Примерно 15 июня было прорвано кольцо окружения в «огненном коридоре» в направлении Теремец-Курляндский и в образовавшуюся брешь было выведено большое количество частей 2-й Ударной армии, а 305-я стрелковая дивизия продолжала выполнять поставленную задачу. По слухам, было выведено из окружения тысяч пятнадцать. 830-й артполк неоднократно выделял бойцов для пополнения рядов пехоты, которая удерживала оборону в месте прорыва. Вот и 15 июня прорвали кольцо окружения и вместе с частями 2-й Ударной армии вышли и наши бойцы, которые должны были держать оборону в месте прорыва, и мы вновь выделили из огневых расчетов людей, чтобы держать оборону на востоке, а при орудиях снова осталось вместо 7 по 2–3 человека.
К 25 июня противник, продвигаясь за отходящими частями 2-й Ударной армии, подошел к огневым позициям 830-го артполка. Вести огонь прямой наводкой было невозможно, кругом густой лес, пришлось огневые позиции батарей перевести в район Малого Замошья. Единственная дорога, имевшаяся у нас на восток (настил из бревен по болоту), была захвачена противником. Продвигаться на большую землю, и самим тянуть за собой артиллерию было невозможно, так как на пути было труднопроходимое Большое Замошское болото. И вот я по телефону получил приказ от командира дивизиона капитана Маслякова: оставить НП и со всеми бойцами явиться на огневую позицию своей батареи для получения боевой задачи. Быстро собрали снаряжение, и пошли на огневую. Отошли немного и встретили партизан, которые спросили у меня обстановку. Я им доложил обстановку, они остались, а мы пошли на огневую.
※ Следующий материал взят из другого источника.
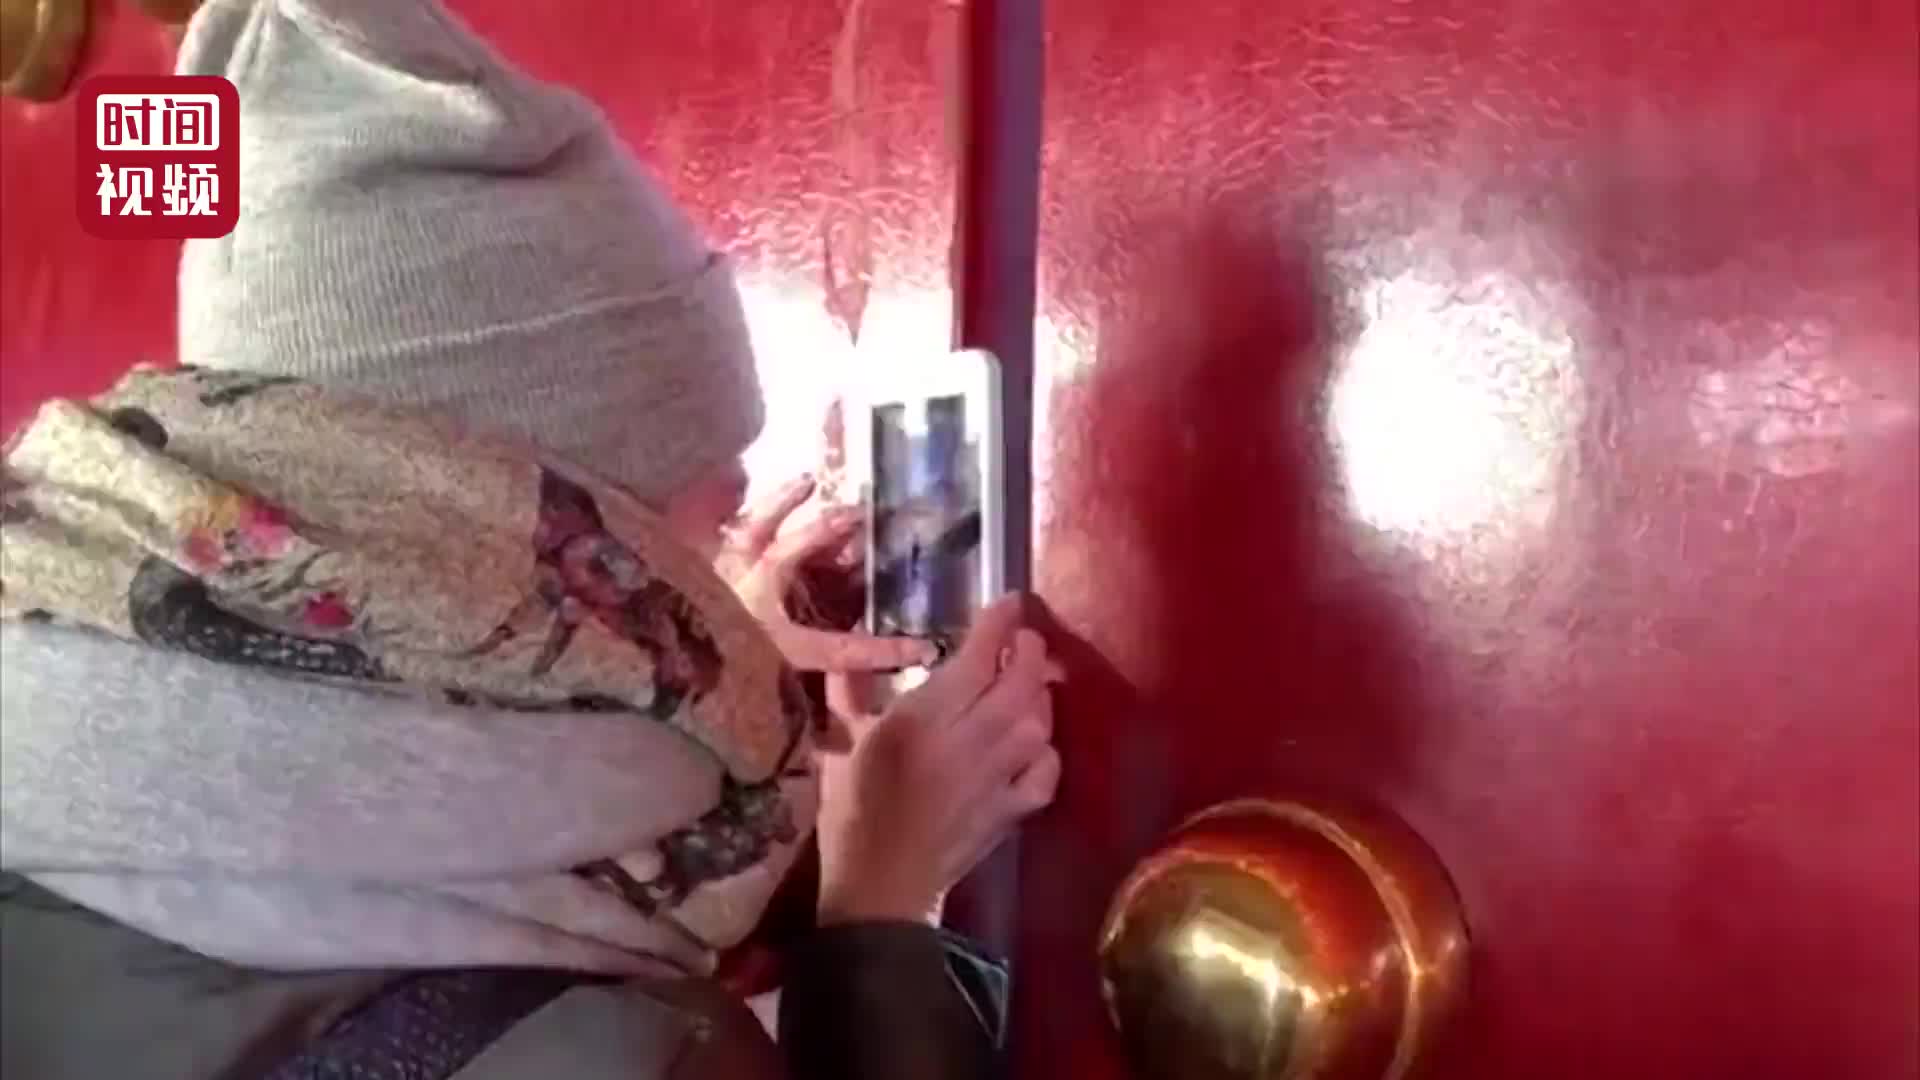 [视频]故宫门缝拍照走红 游客排队20分钟拍完却看不懂

Подошли к огневой, и я услышал команду: «Комбат, в ровик!». Это кричал мне старшина батареи. Я и все разведчики, и связисты, пришедшие со мной, прыгнули в ровик – это окоп недалеко от орудия, и орудие взлетело на воздух. Потом и остальные три друг за другом были подорваны, наши боевые 76-мм пушки образца 1902 года с небольшой модернизацией затвора в 1930 году. До слез было жалко эти пушки, но приказы выполняют без обсуждений. Взрывали так: в ствол забивали дерево, заряжали, удлиняли шнур, прятались в ровик, дергали за боевой шнур, и снаряд в стволе взрывался. Батарея была выведена из строя по приказу командира дивизиона капитана Маслякова, который в свою очередь получил приказ от командира полка майора Н. Н. Вязьмитинова. Так вывели из строя все орудия. На том месте до сих пор стоят два передка нашей батареи.
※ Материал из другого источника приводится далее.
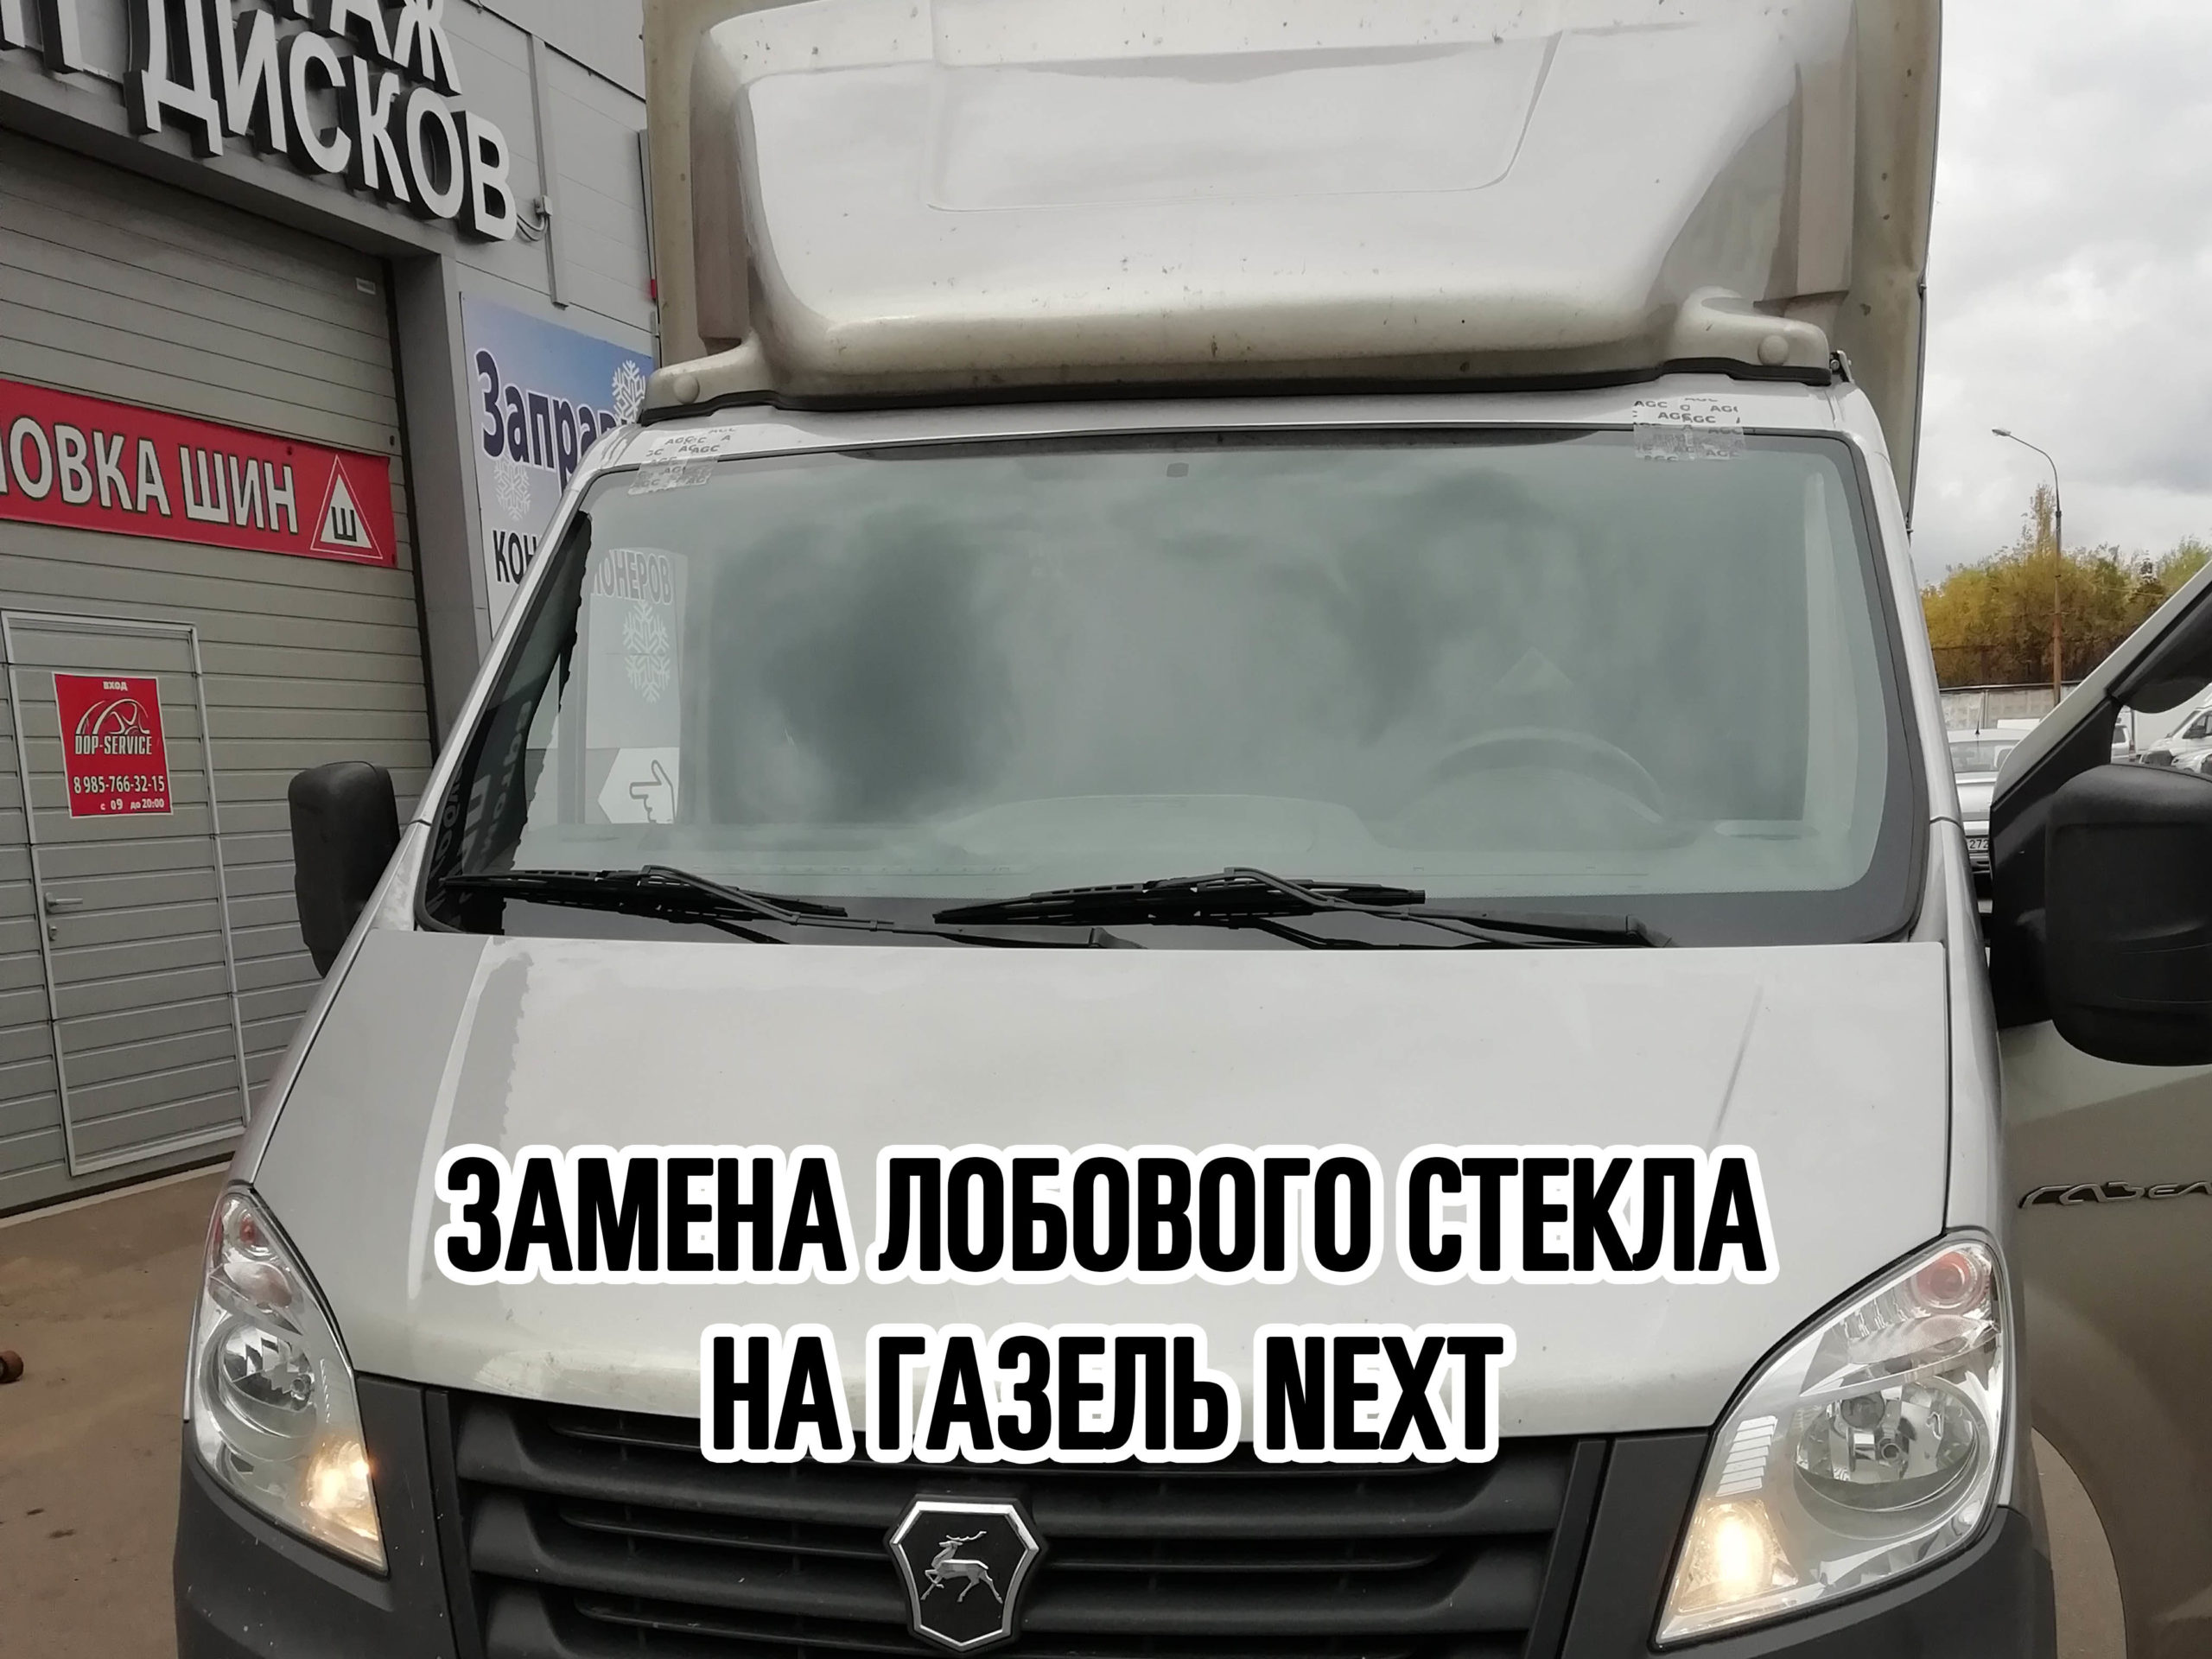 Замена лобового стекла ГАЗ Газель - установка лобового автостекла на ГАЗ Газель в Москве

На случай химического нападения у нас в батарее было 20 литров бензина для дегазации. Все имущество батареи старшина Кажохин Николай Иванович собрал в одну кучу, там были и мои личные вещи. Новая выходная гимнастерка, галифе и сапоги. Он мне предложил переодеться, так как ему все это сжигать было жалко, так мы бедно жили до войны, но я приказал все сжечь. Тяжело вздохнув, старшина облил все бензином и поджег, видно было, что ему это сделать нелегко. Он ведь был из калининских крестьян, людей практичных и экономных, но не жадных. Так мы освободились от лишнего груза. В батарее осталось человек 15 раненых и человек 10, способных держать оборону. Всех раненых приказал посадить на уцелевших лошадей, и мы двинулись на восток, где получили приказ занять оборону по реке Глушица. Все это произошло 25 июня 1942 года. Раненых с лошадьми и артприборами (буссоли, стереотруба и т.п.) сосредоточили на северо-западном берегу Большого Замошского болота.
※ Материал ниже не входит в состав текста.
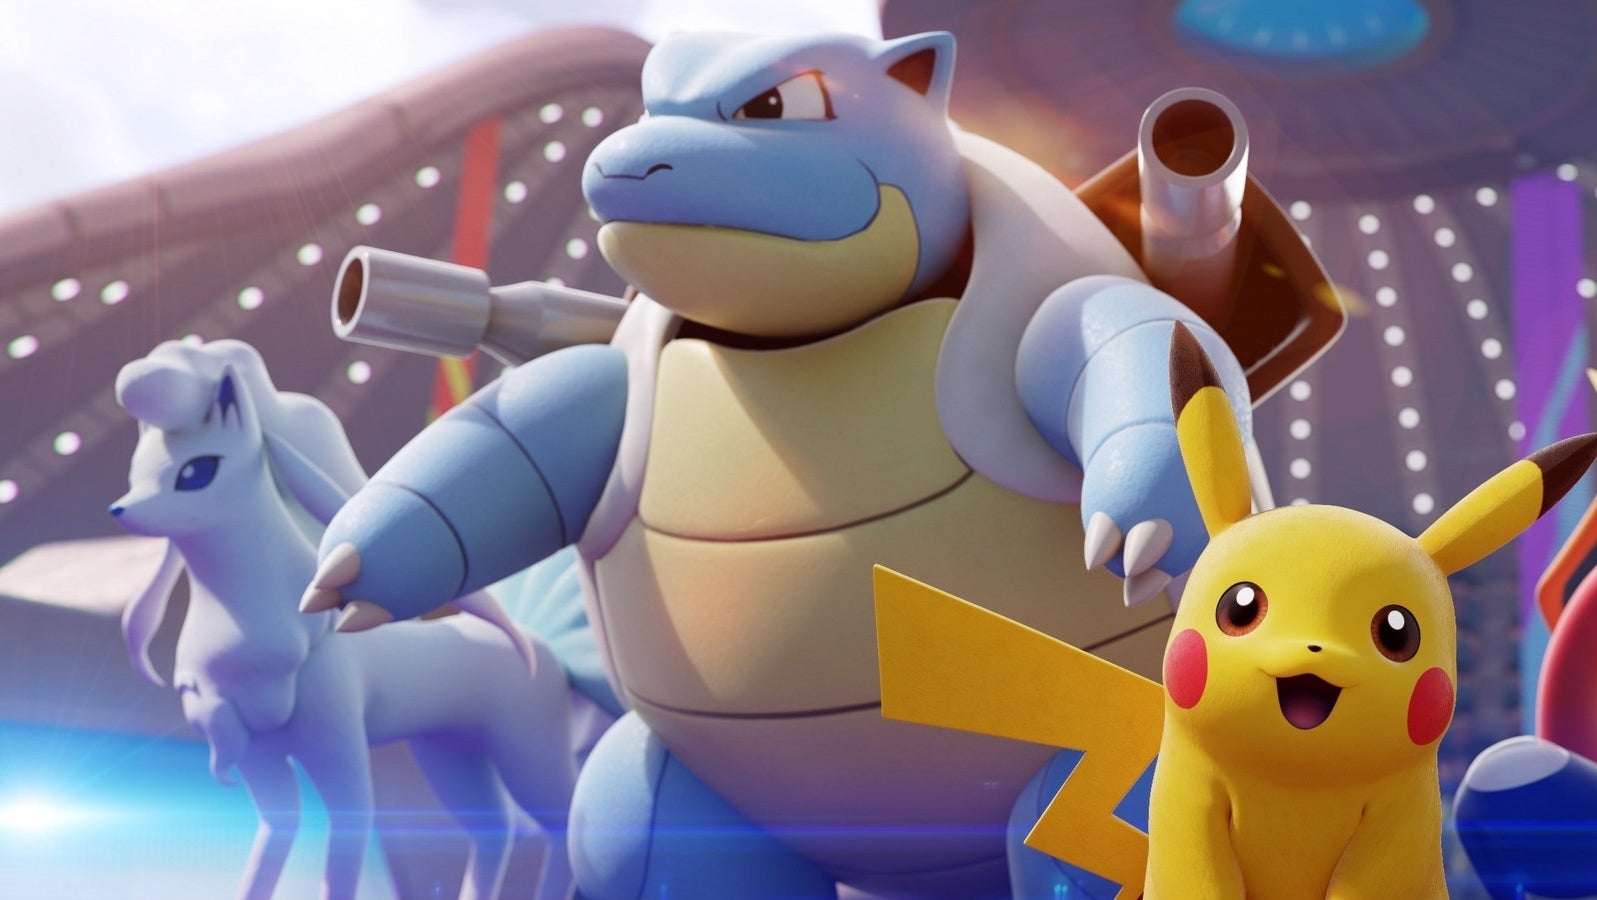 Imagen para Pokémon Unite recibe el premio a Mejor Juego de Google Play en 2021

Слева от нас занял оборону 1002-й стрелковый полк нашей 305-й стрелковой дивизии под командованием командира полка, майора Арсения Ивановича Смирнова. Справа – 6-я батарея и другие батареи нашего полка. А 4-я батарея под командованием старшего лейтенанта Егорова была окружена и уничтожена немцами. Командир дивизиона капитан Масляков находился справа сзади от нас метров на сто со своим штабом. Здесь нам сказали, что командующий 2-й Ударной армии генерал-лейтенант Власов пошел выходить из окружения с группой из семи человек с партизанами.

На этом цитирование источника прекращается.